Initially, ATG9B KO cells were used to evaluate the effect of ATG9B on GAS internalization, but ATG9B KD cells were found to be more effective for this purpose. It has been reported that, in some cells with the gene KO, genes with similar functions complement the KO gene.^53,54 It is possible that one or more genes with functional similarity to ATG9B were expressed and served to complement the ATG9B KO, thereby mitigating its effects on GAS internalization. Thus, in the evaluation using ATG9AB and ATG9B KO cells, GAS internalization was reduced by 30%–40%. Alternatively, KD transiently deletes the target gene, allowing for evaluation before putative complementation genes become active, which in this case must have been conducive to bacterial internalization.

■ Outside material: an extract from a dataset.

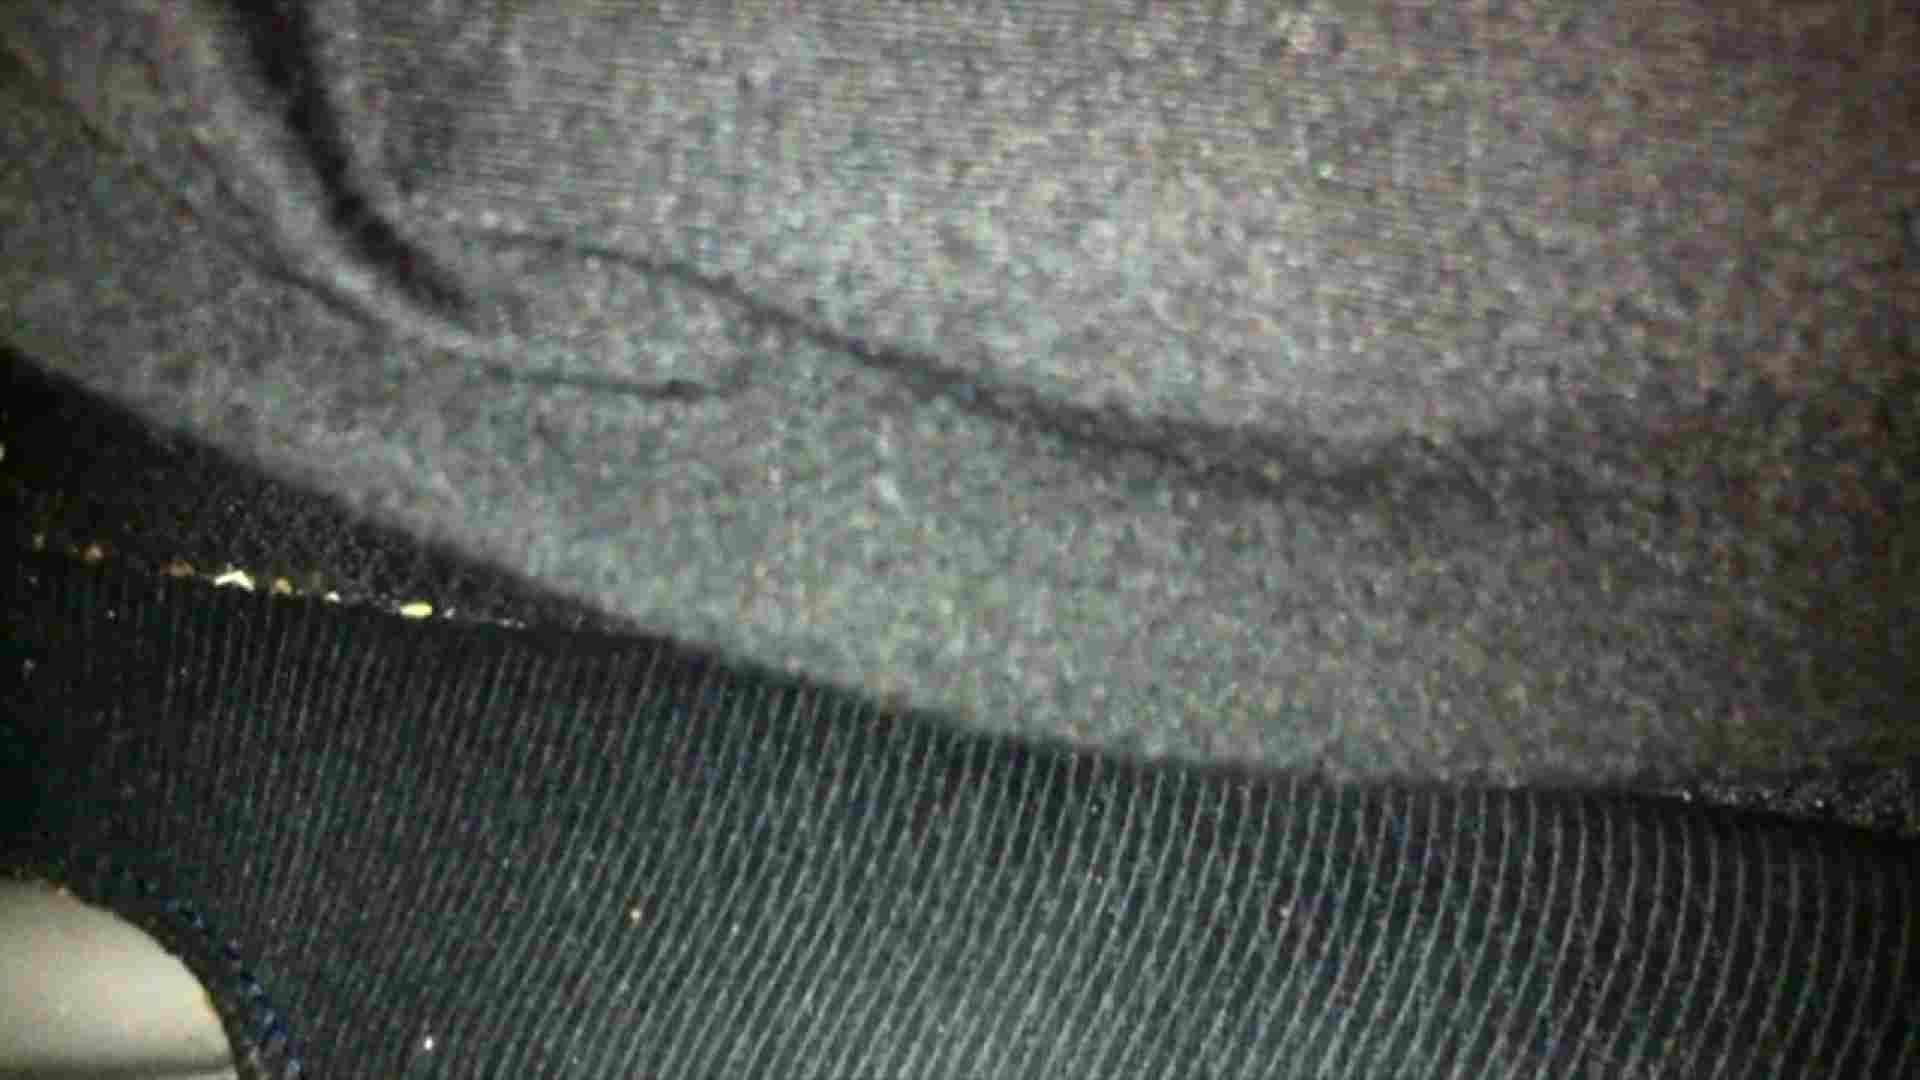 vol.22 【YHちゃん】パルコ店員20歳 mixiオフ会で 女子大生 エロ画像 69画像 29
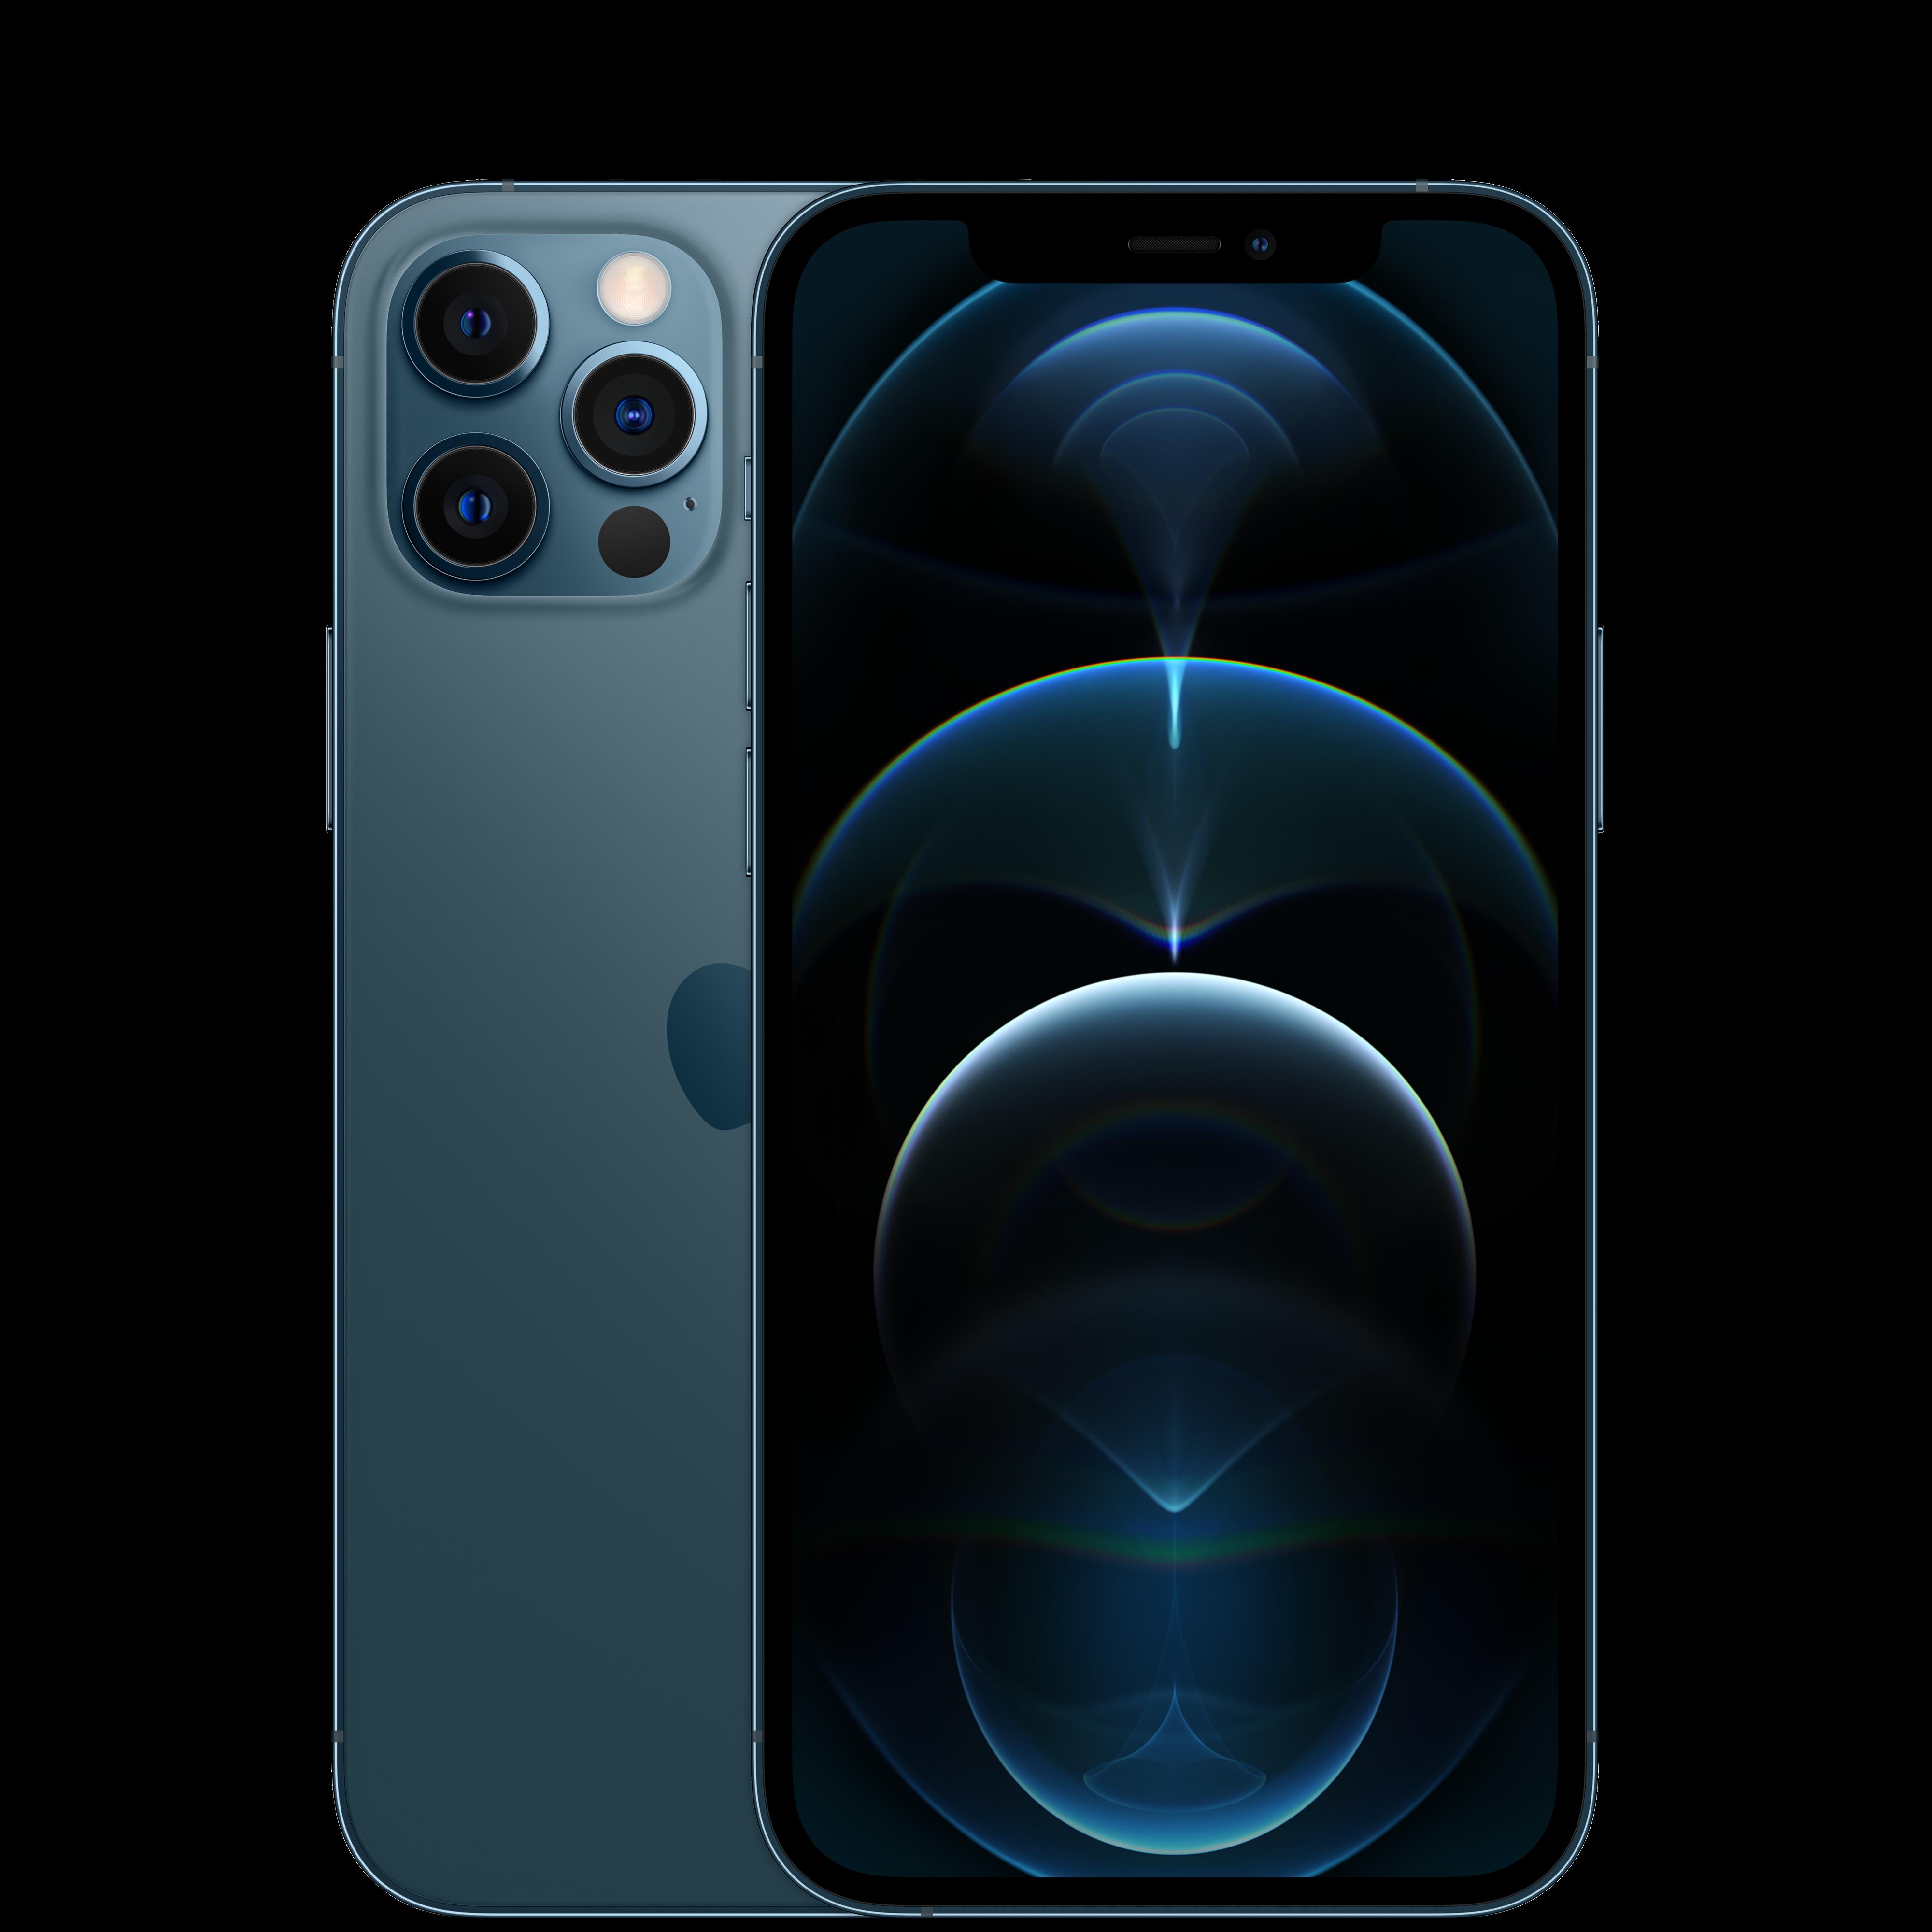 Điện Thoại iphone 12 Pro Max 512GB chính hãng LL/A

Our previous work demonstrated that Beclin1 and UVRAG are involved in bacterial internalization, in which an anti-apoptotic complex of Bcl-xL, Beclin1, and UVRAG, but not PI3P, regulates GAS internalization.^26,55 We did not observe F-actin aggregation in Beclin1 or UVRAG KO cells (Figure S7). Therefore, ATG9B may regulate GAS internalization through a different pathway than Beclin1-UVRAG.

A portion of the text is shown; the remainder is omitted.